── Records for the exercise ──

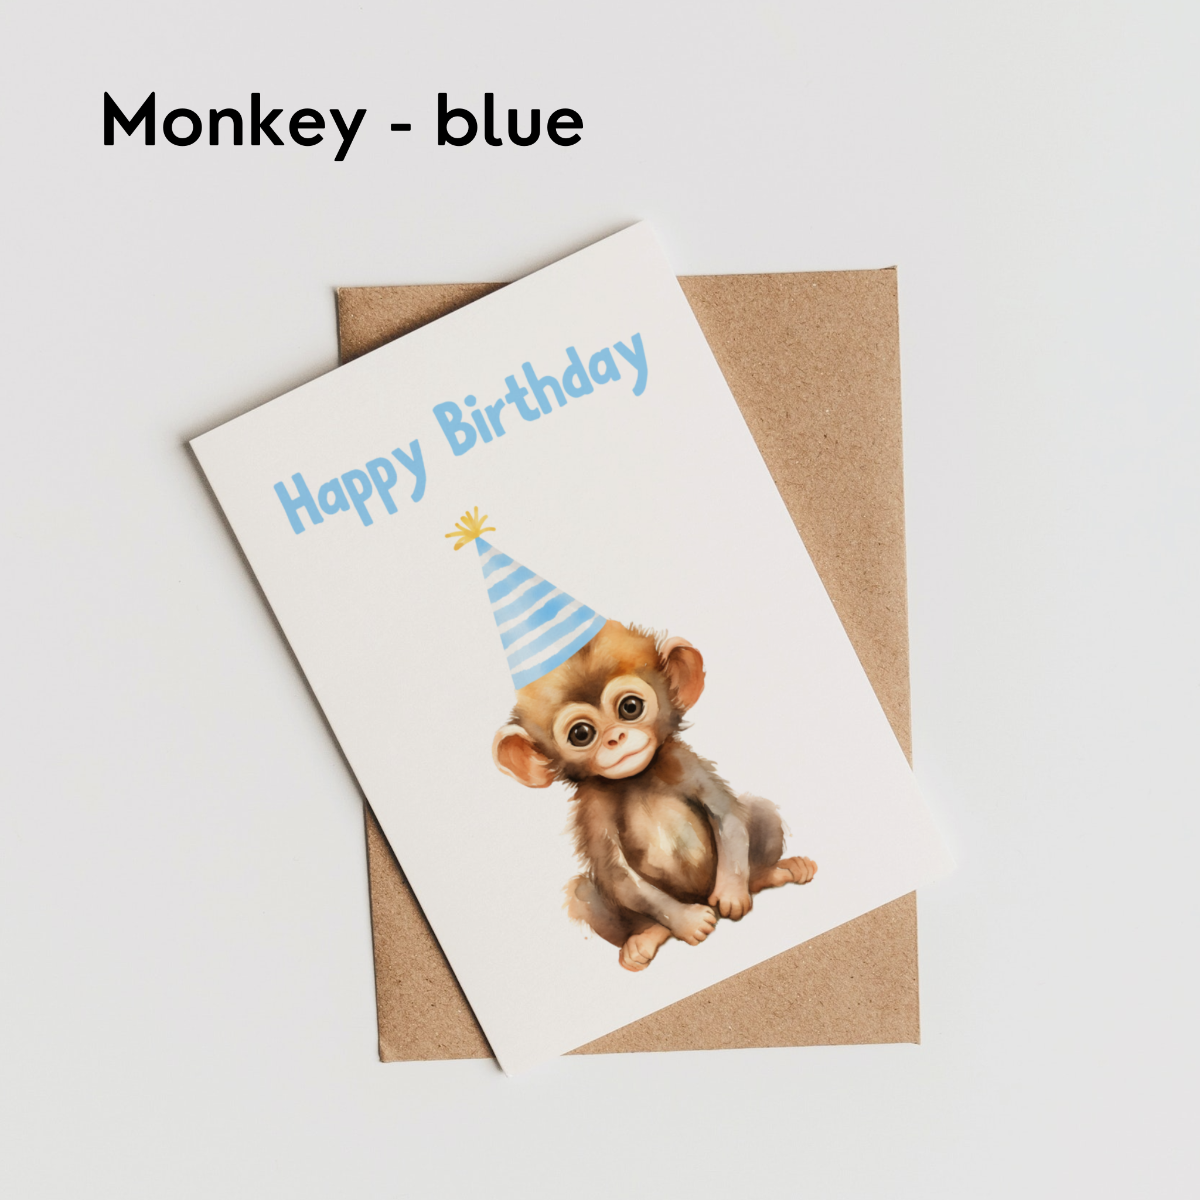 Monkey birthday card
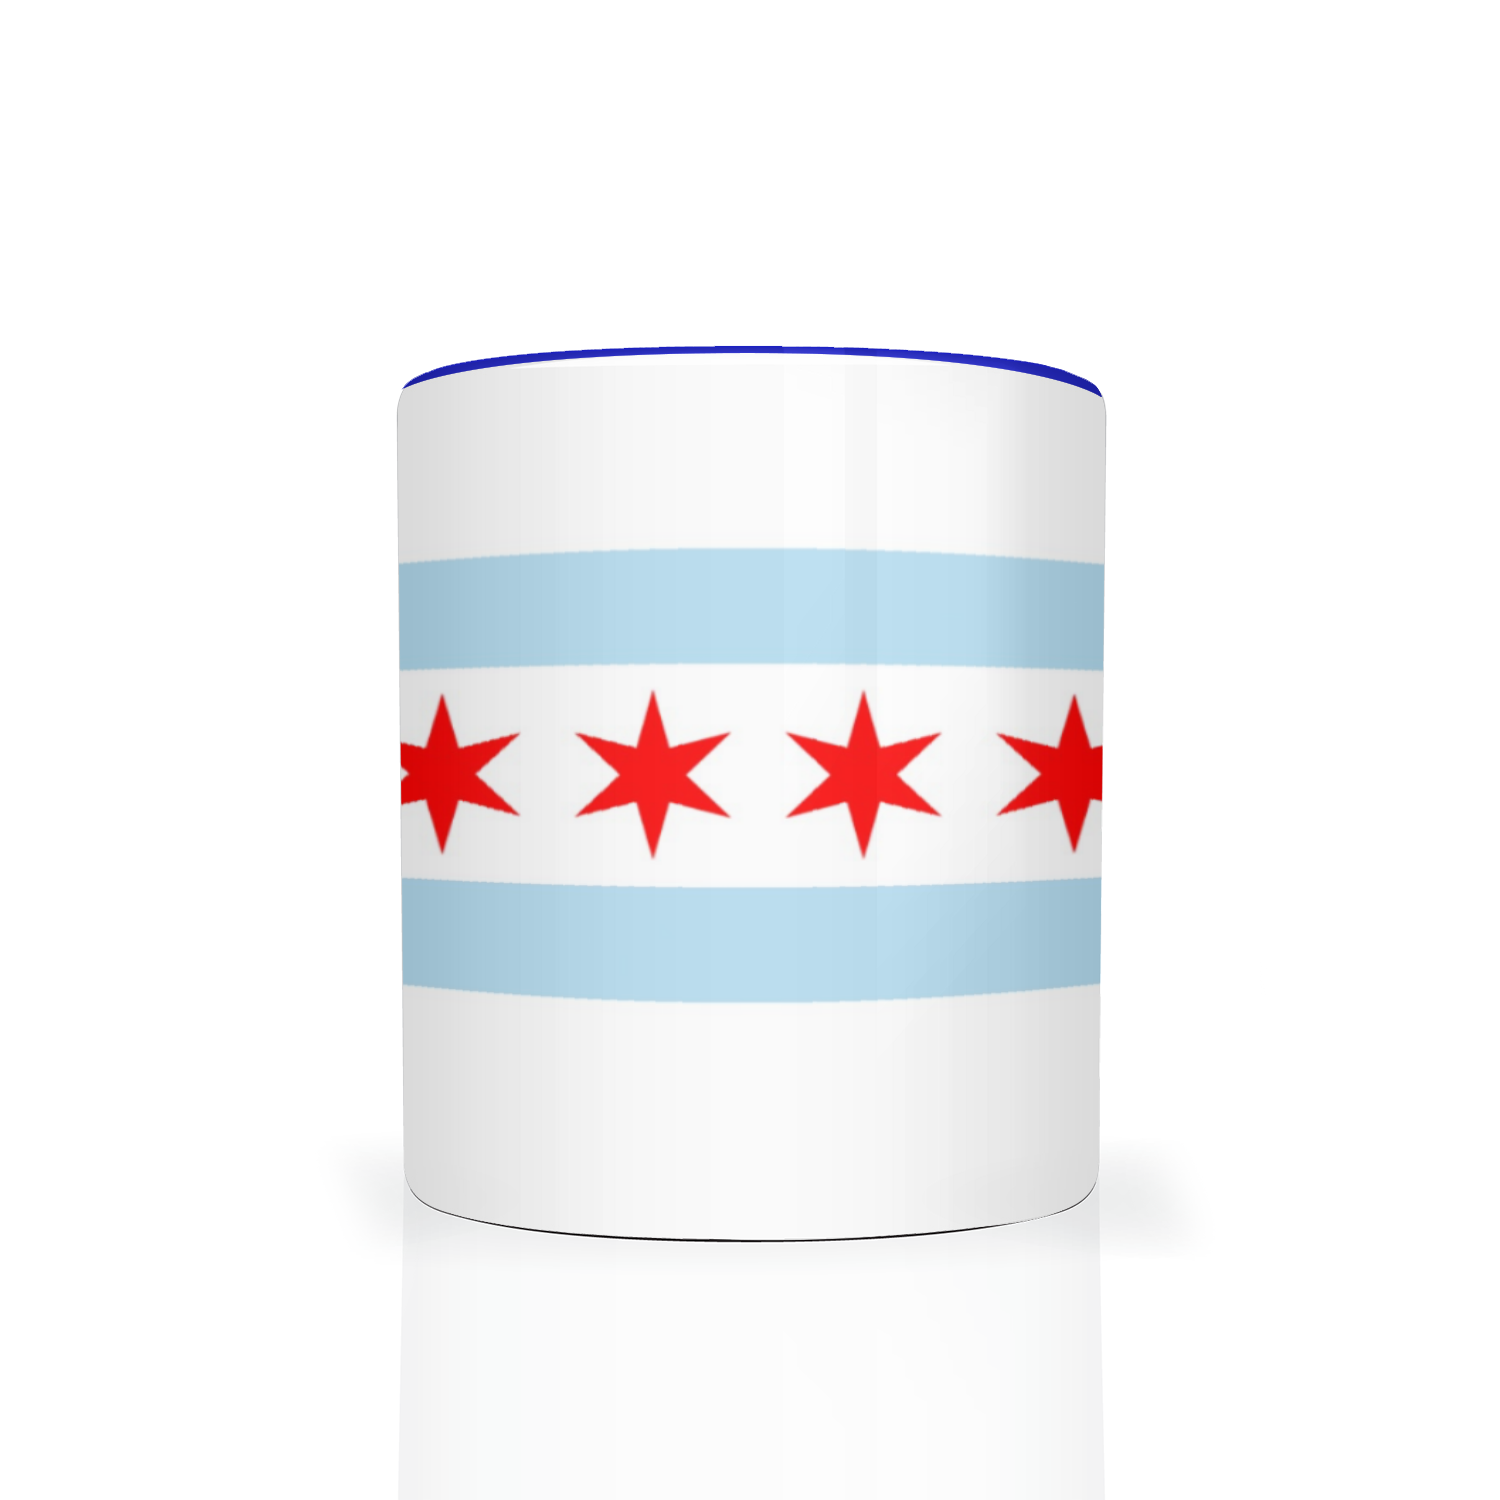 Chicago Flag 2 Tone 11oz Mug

───
── Records for the exercise ──

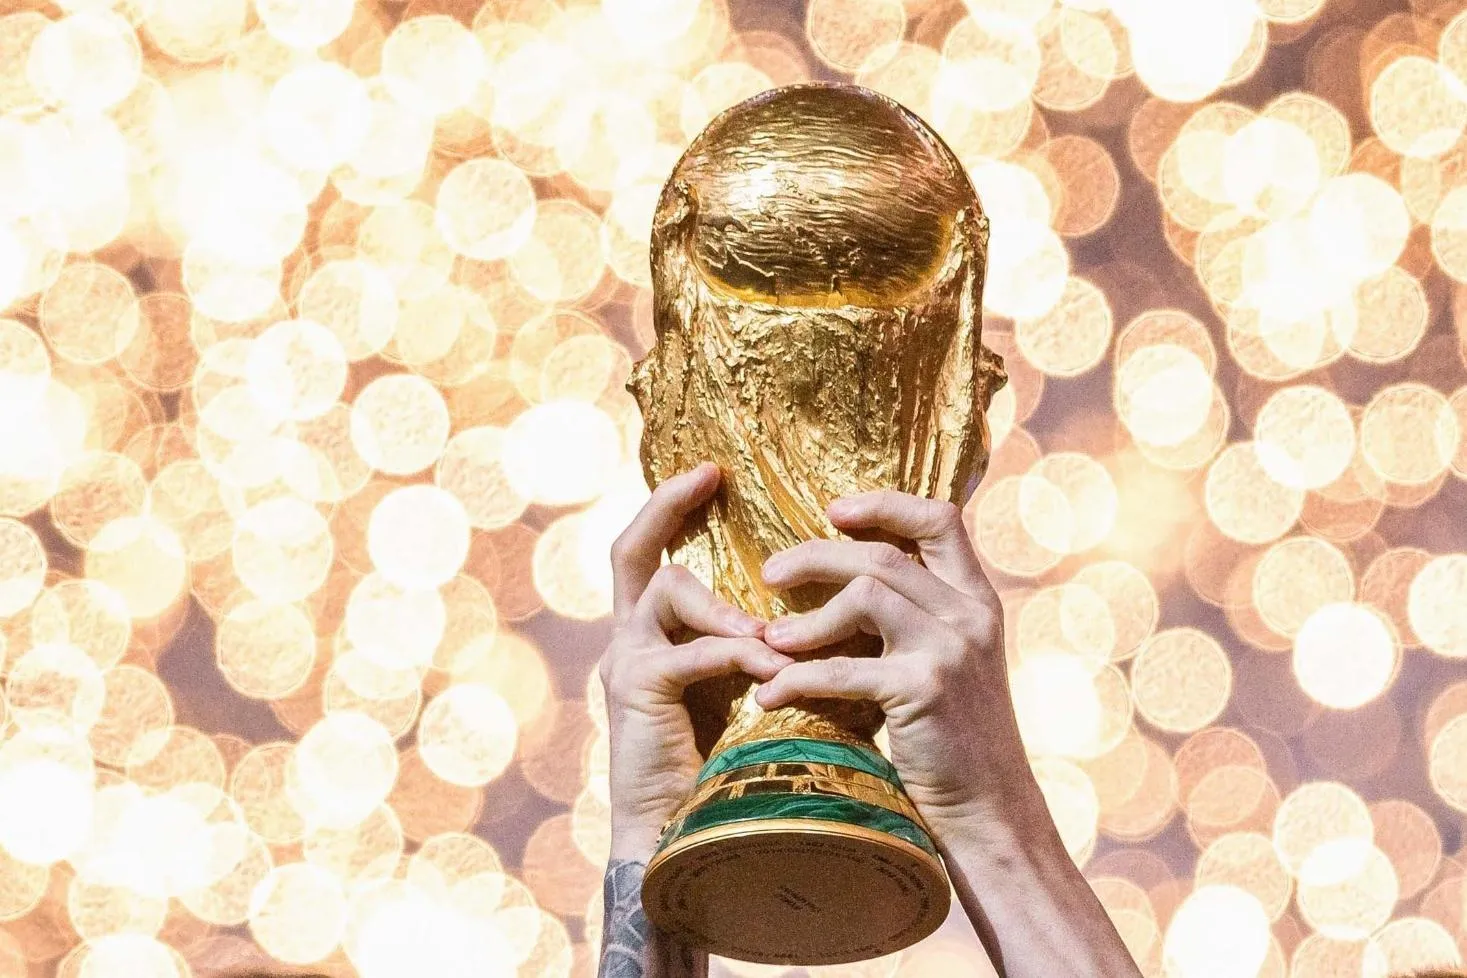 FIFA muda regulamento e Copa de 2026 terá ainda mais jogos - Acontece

───
── Records for the exercise ──

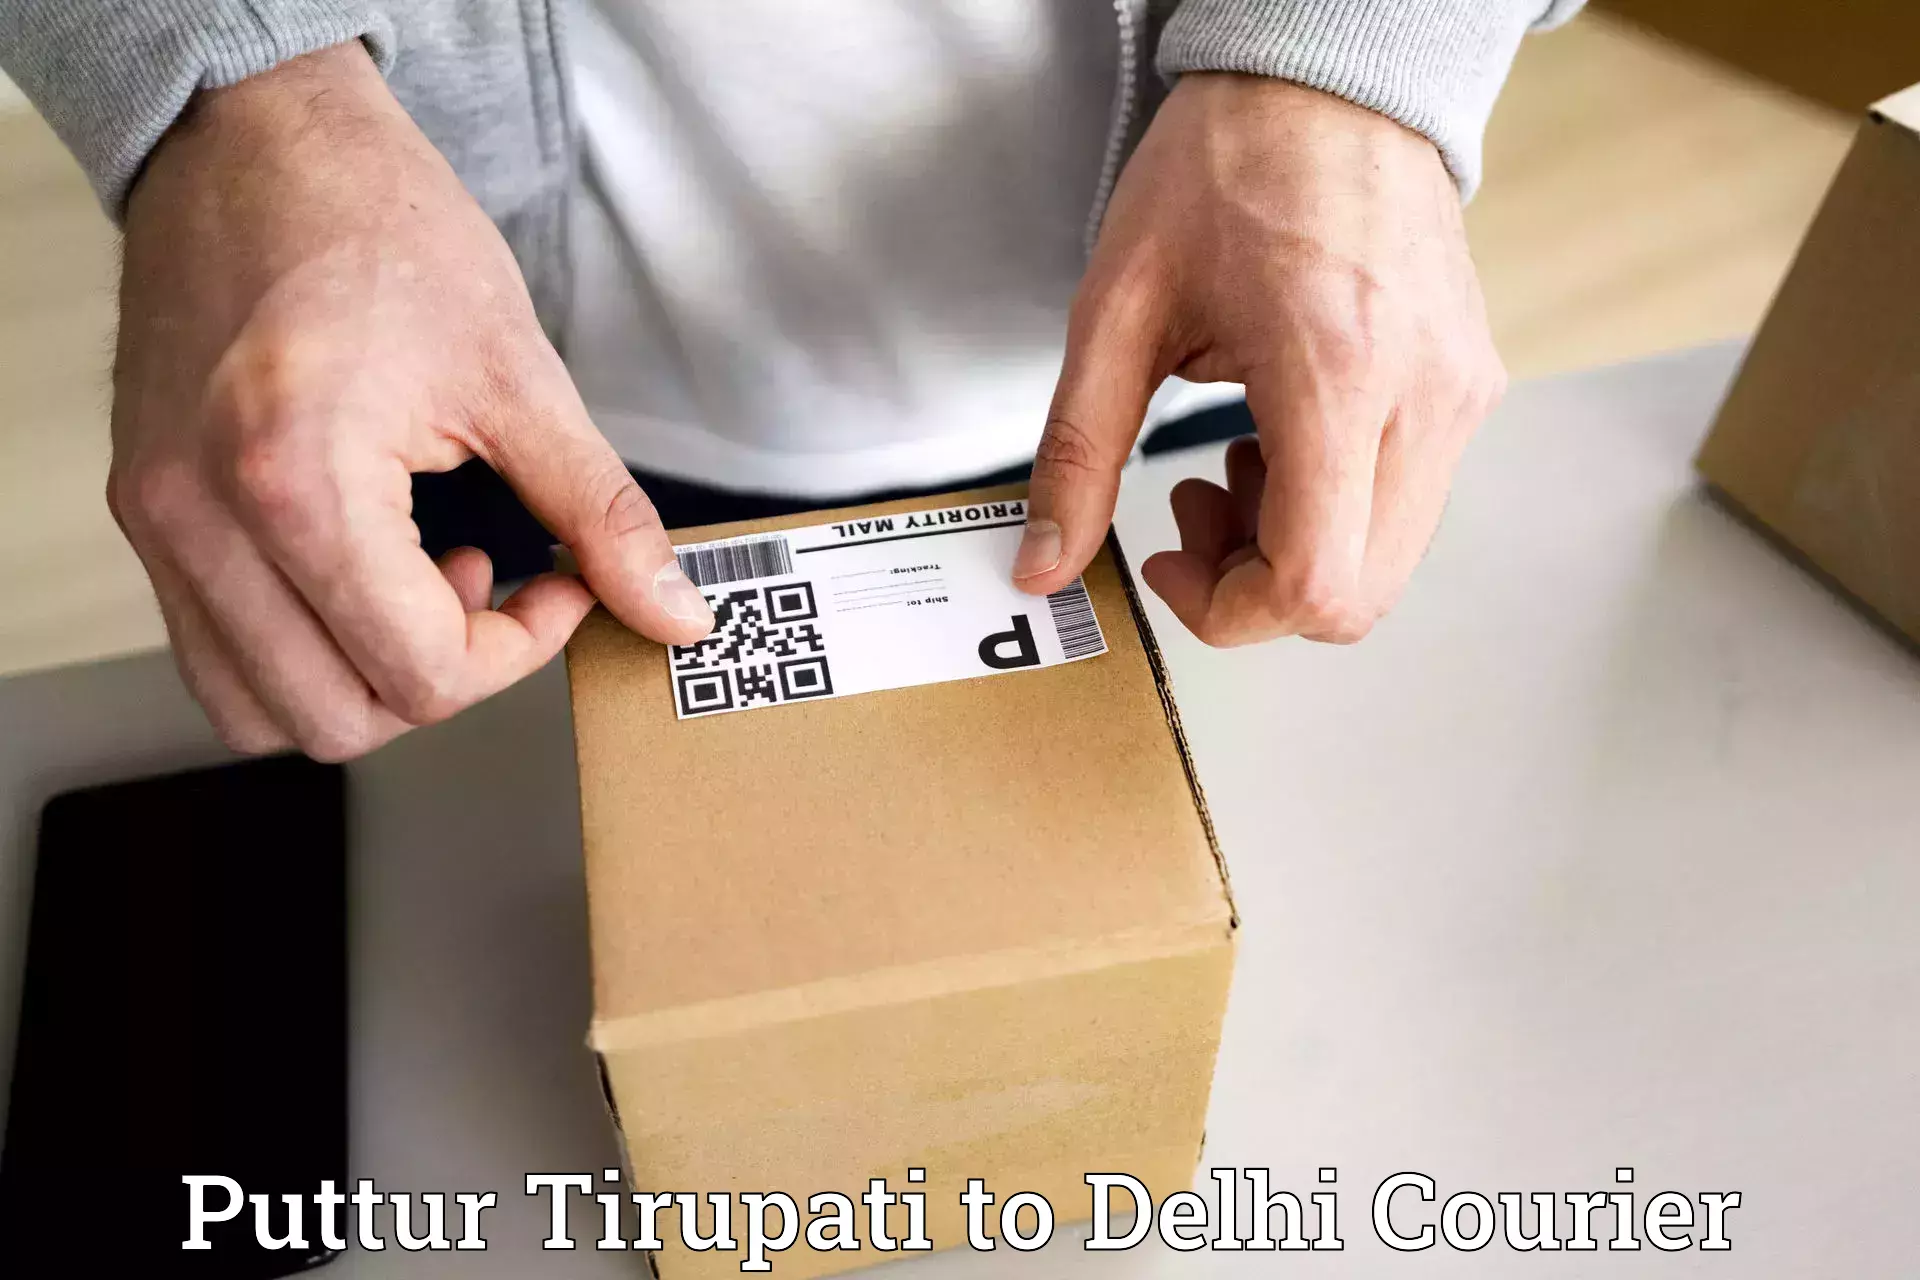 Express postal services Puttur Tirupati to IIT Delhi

───

What is being asked: Within the material above, only the stretch from the line holding "Monkey birthday card" through the line holding "Chicago Flag 2 Tone 11oz Mug" is to be restated exactly. Pictures are dropped.

Answer space:
 Monkey birthday card
 Chicago Flag 2 Tone 11oz Mug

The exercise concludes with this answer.